The show ended not because of low ratings, but because the showrunners (Ins Choi and Kevin White) chose to leave. A spinoff is now in the works, starring the one white character (Shannon, played by Nicole Power).
Liu also expressed frustration with the lack of character development on the show, and with tone-deaf creative choices made by white writers. Describing the showrunners as “epically reclusive,” he referenced infighting behind the scenes, and said that co-creator Ins Choi didn’t do enough to diversify the writer’s room. When Choi left (“without so much as a goodbye note to the cast”), Liu and several of his co-stars tried and failed to offer more creative input as Asian Canadian voices.
Over on Twitter, Jean Yoon (who plays Liu’s mother on the show) characterized Kevin White as a the true showrunner, with Choi having a “diminished presence” as the series wore on. The show was based on a 2011 stage play written by Choi, while White had extensive experience writing for sitcoms with majority-white casts.
Highlighting the absence of Korean writers, Jean Yoon accused the creative team of ignoring cultural corrections and feedback from Asian cast members. As a standout example, she said she personally had to correct the show’s depiction of Korean food, because Choi “doesn’t know how to cook” and there were “no Korean cultural resources in the writers room.” Last week, the New York Times published an article specifically praising the way Kim’s Convenience portrayed Korean food culture. Choi declined to be interviewed for that piece.
The show was involved in workshops and recruitment drives for diverse talent, but this evidently didn’t lead to the meaningful changes Liu and others were hoping for.

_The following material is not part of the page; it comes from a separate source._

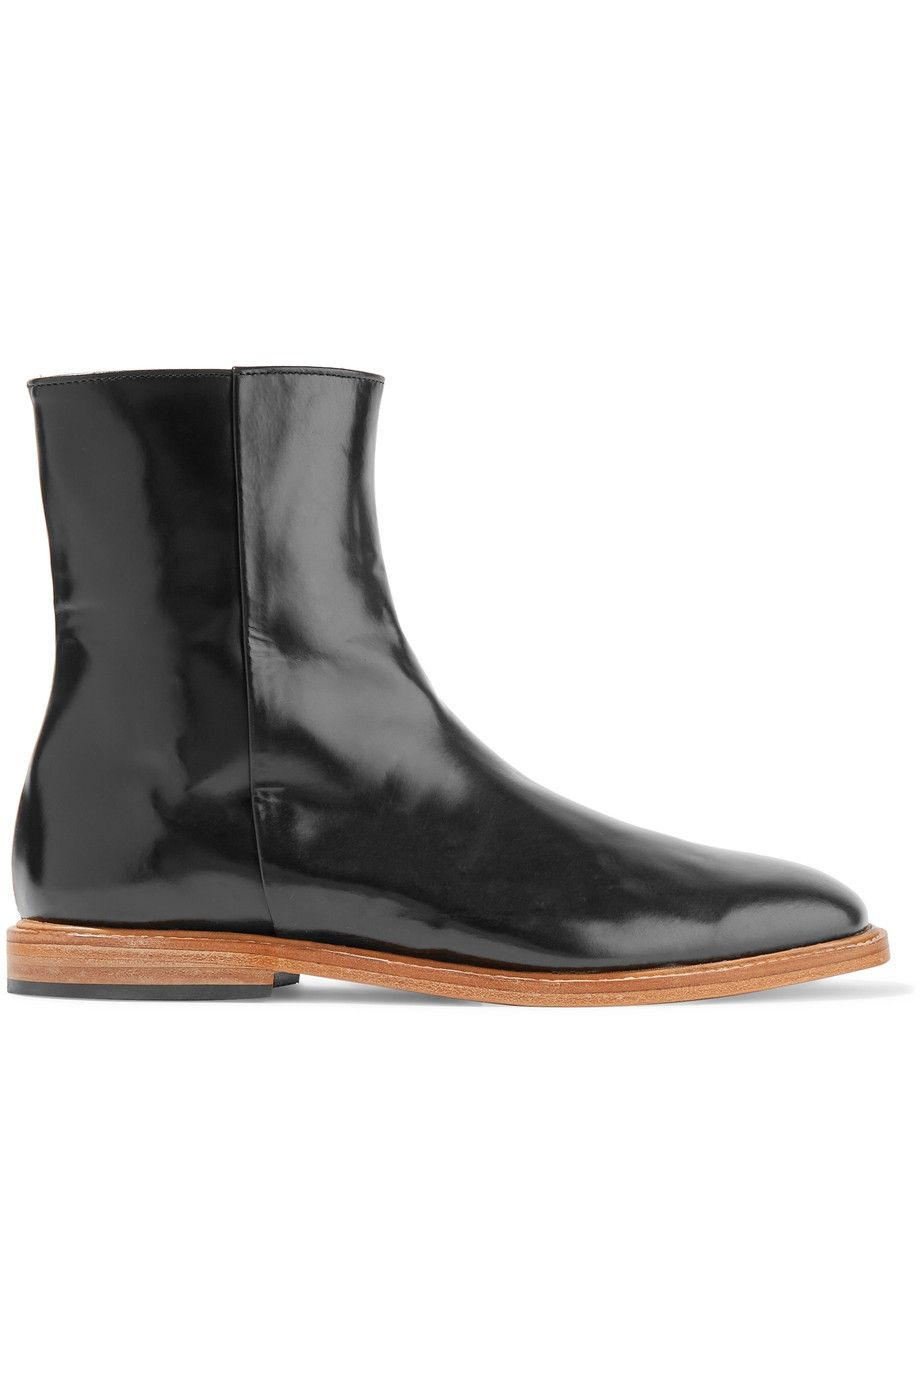 9dd4edad894 DIEPPA RESTREPO .  diepparestrepo  shoes

Meanwhile, the official Kim’s Convenience Twitter feed has responded to this controversy on two fronts: By amplifying a positive statement made by South Asian writer/producer Anita Kapila (who praises a list of women and people of color who worked on the show), and by retweeting actor Andrew Phung, who congratulated his co-star Nicole Power on her new spinoff. Kim’s Convenience‘s showrunners have not made any kind of public statement regarding Simu Liu and Jean Yoon’s criticisms.